##### SOURCE MATERIAL #####
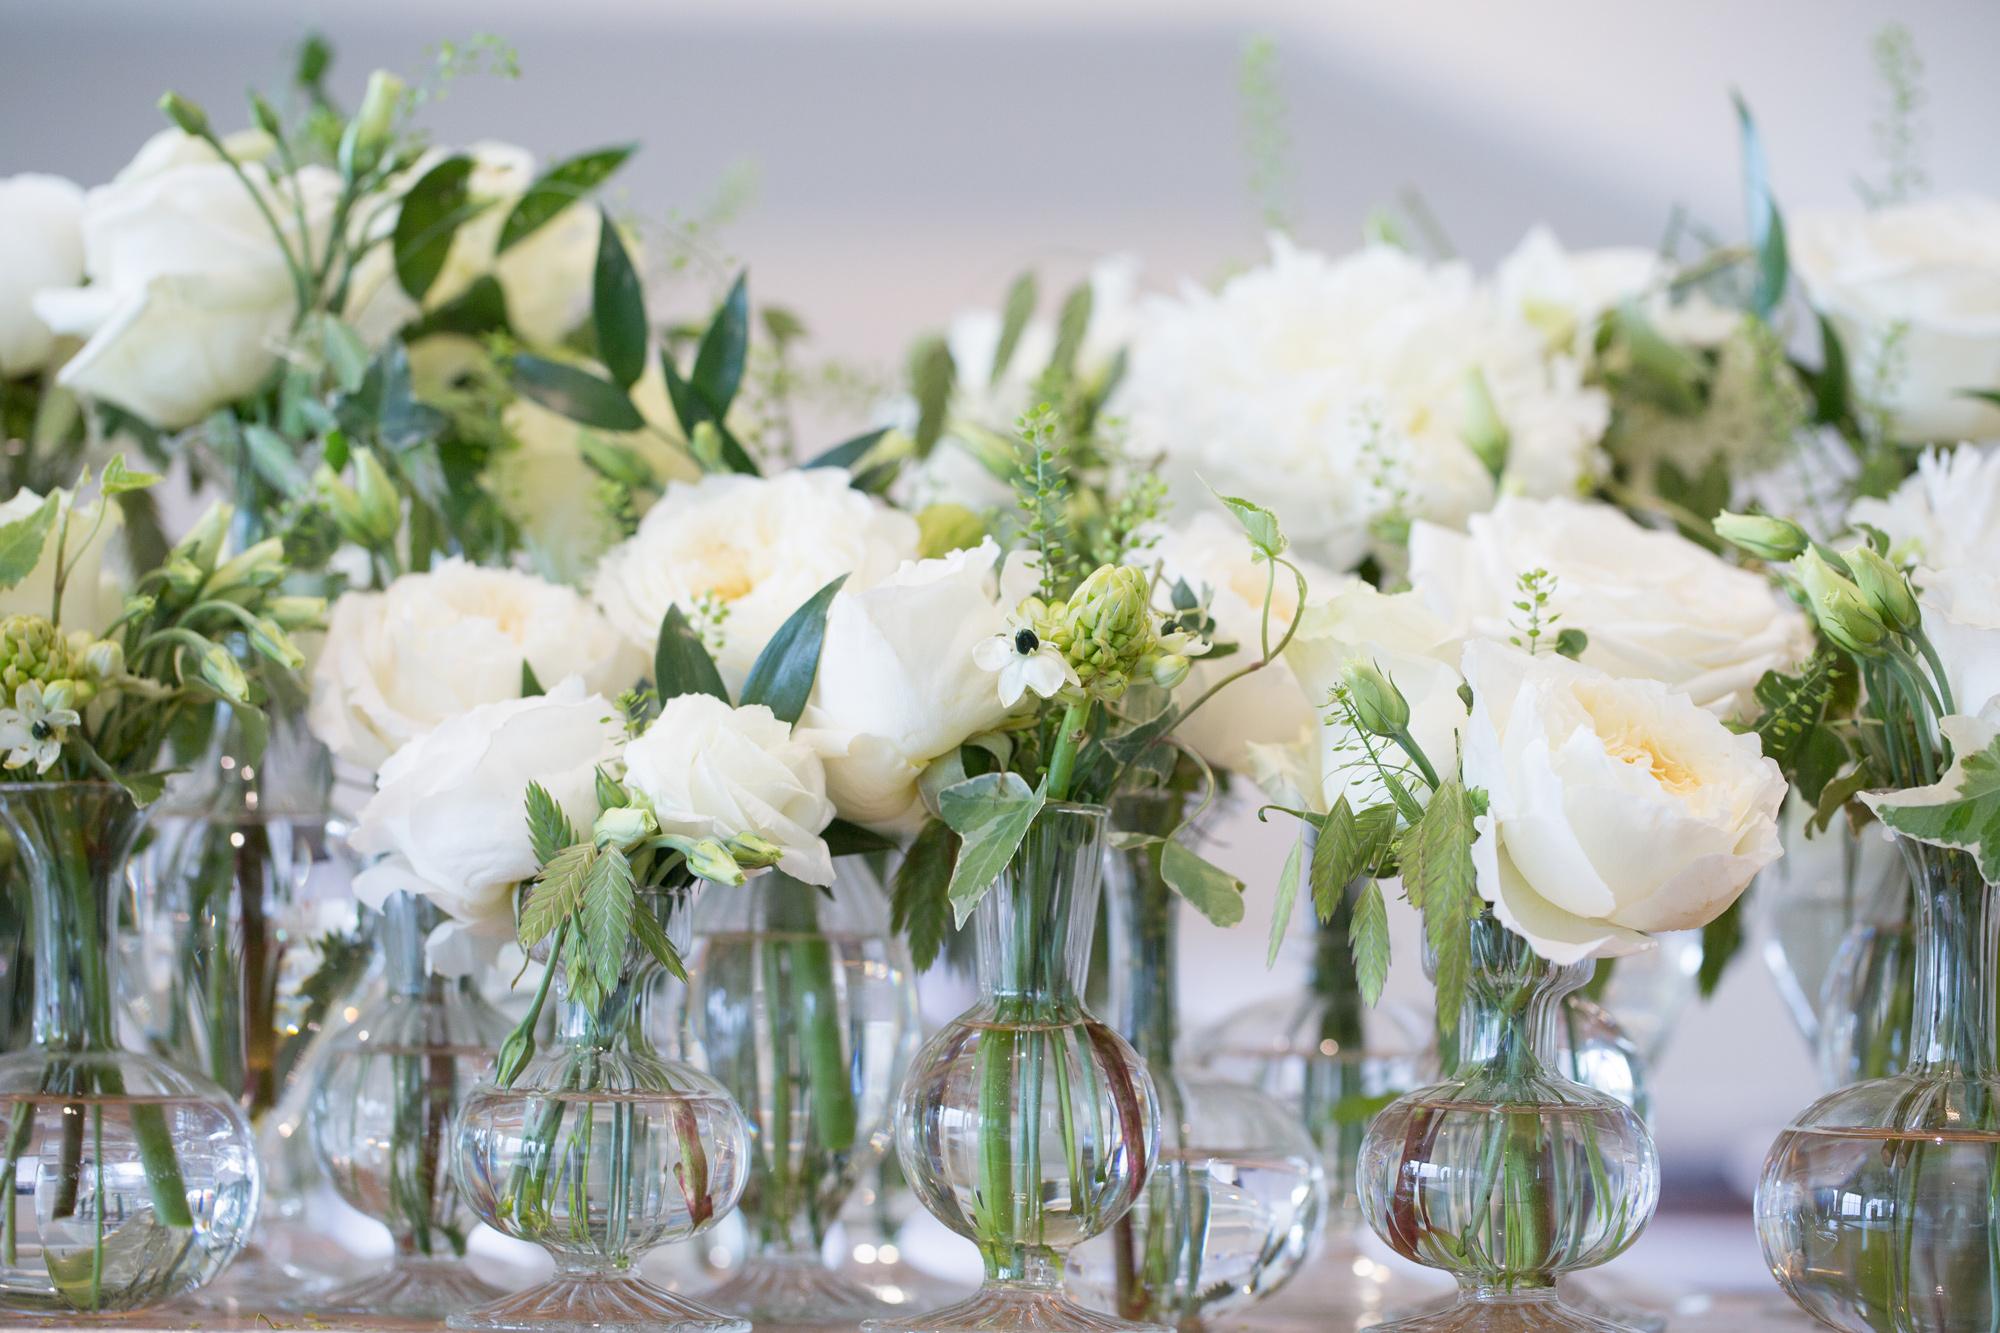 406-chelsea-lee-flowers--.jpg
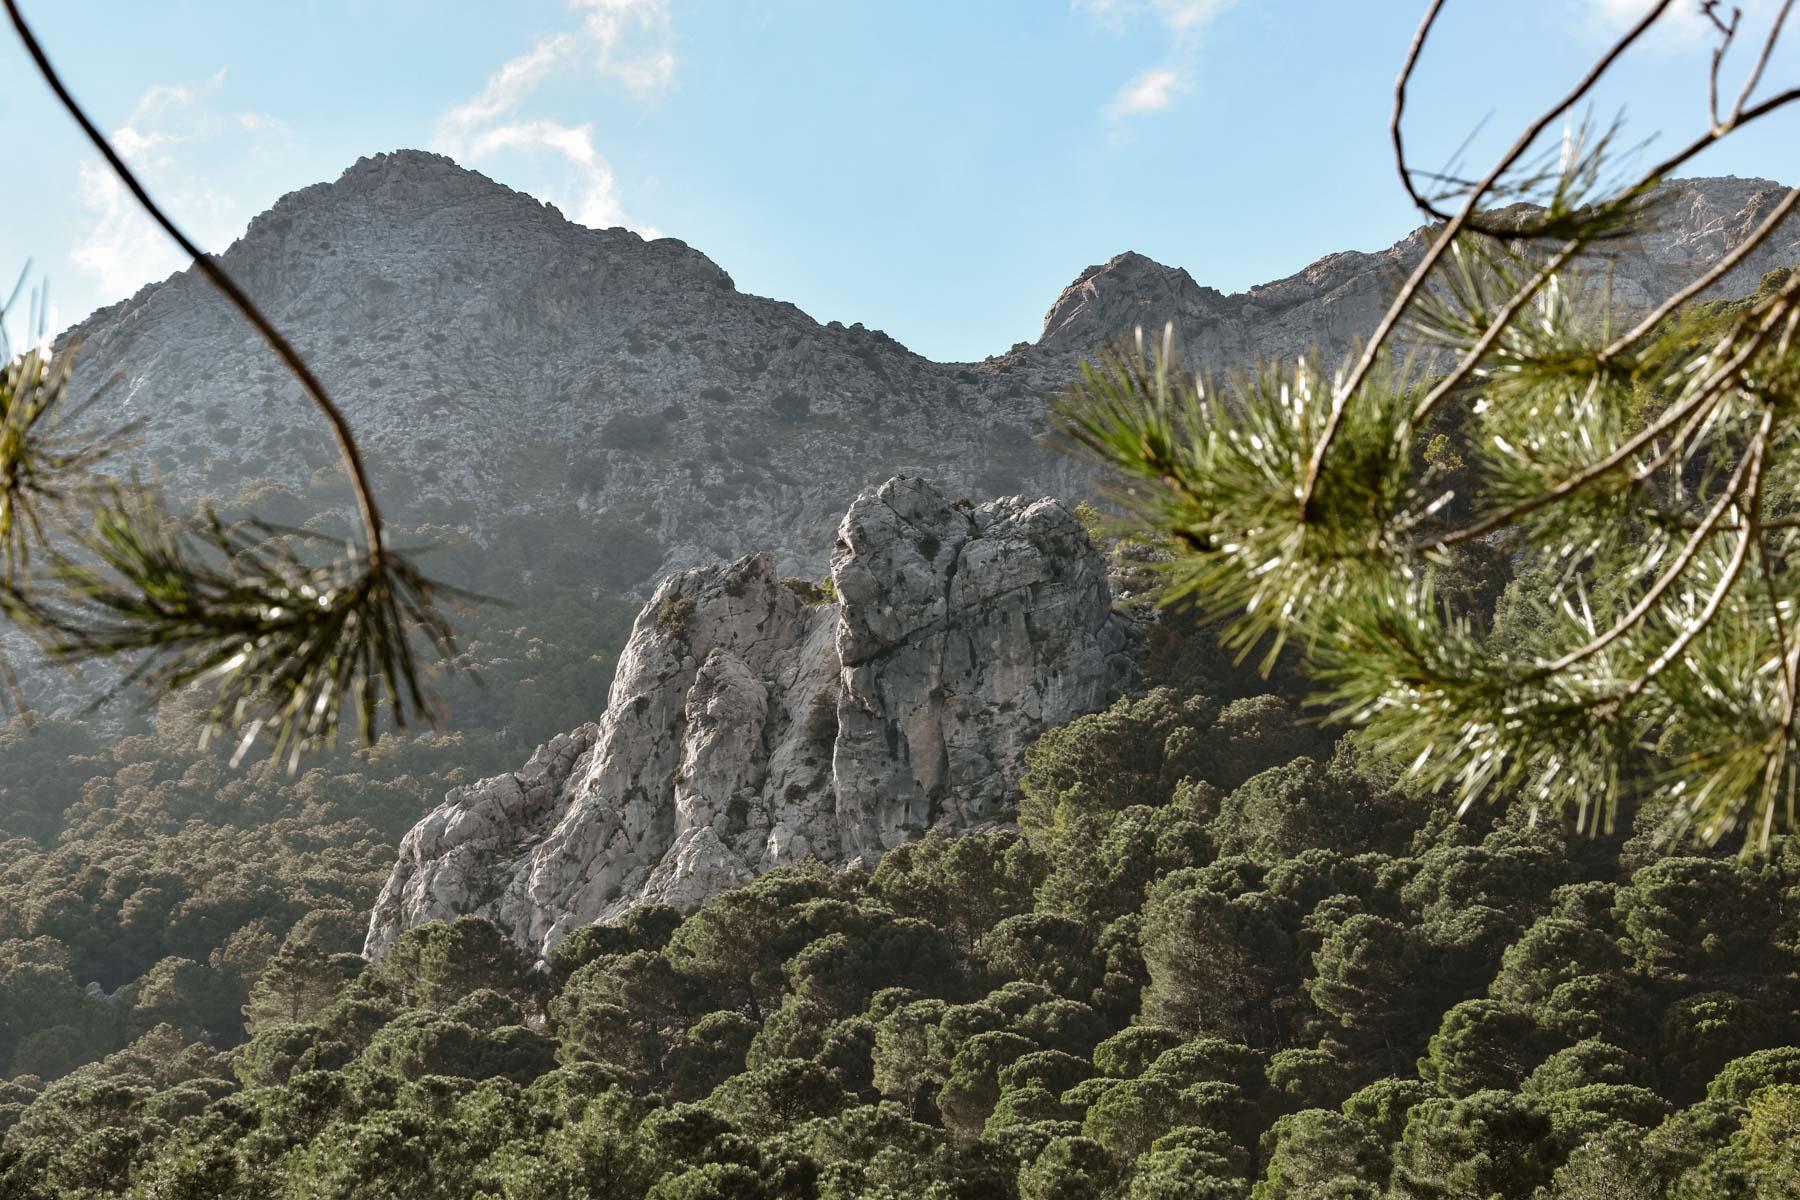 Randonnée dans la Sierra de Grazalema, Andalousie
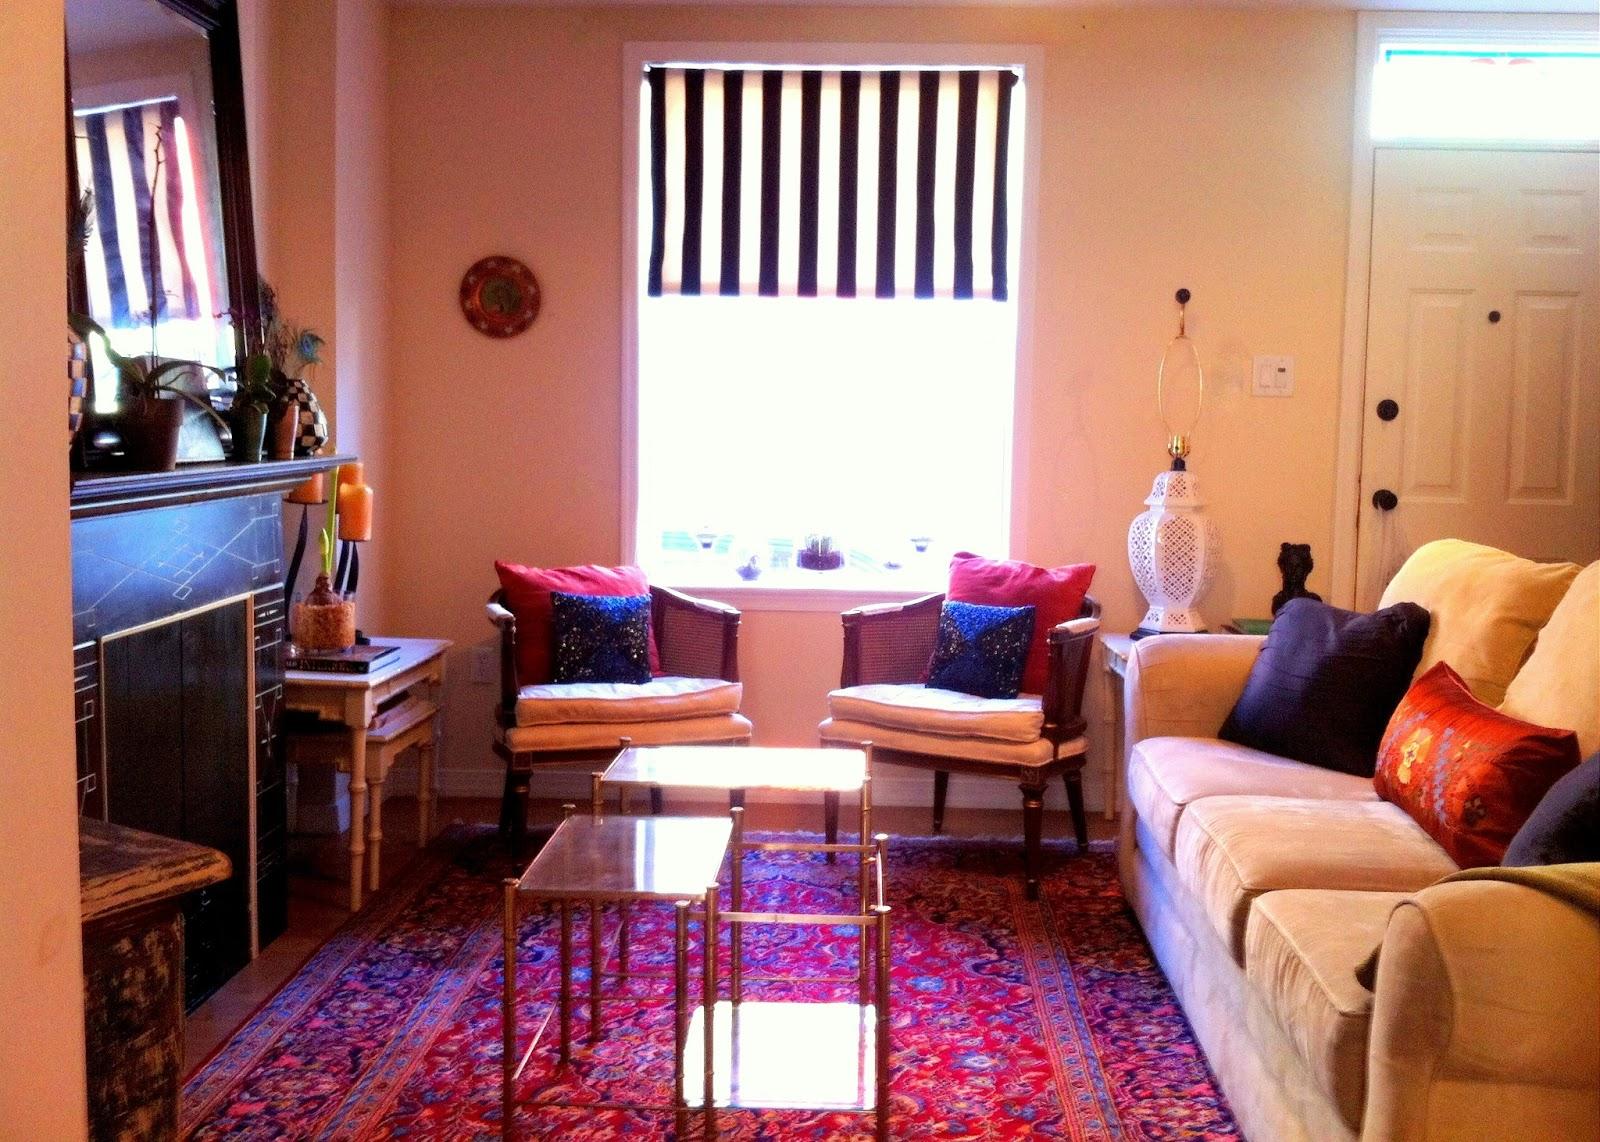 The Tiny Abode January 2013
#####
> **THE PROBLEM**
An exact copy of the material is required, minus the pictures.

> **SOLUTION TO THIS PROBLEM**
 406-chelsea-lee-flowers--.jpg
 Randonnée dans la Sierra de Grazalema, Andalousie
 The Tiny Abode January 2013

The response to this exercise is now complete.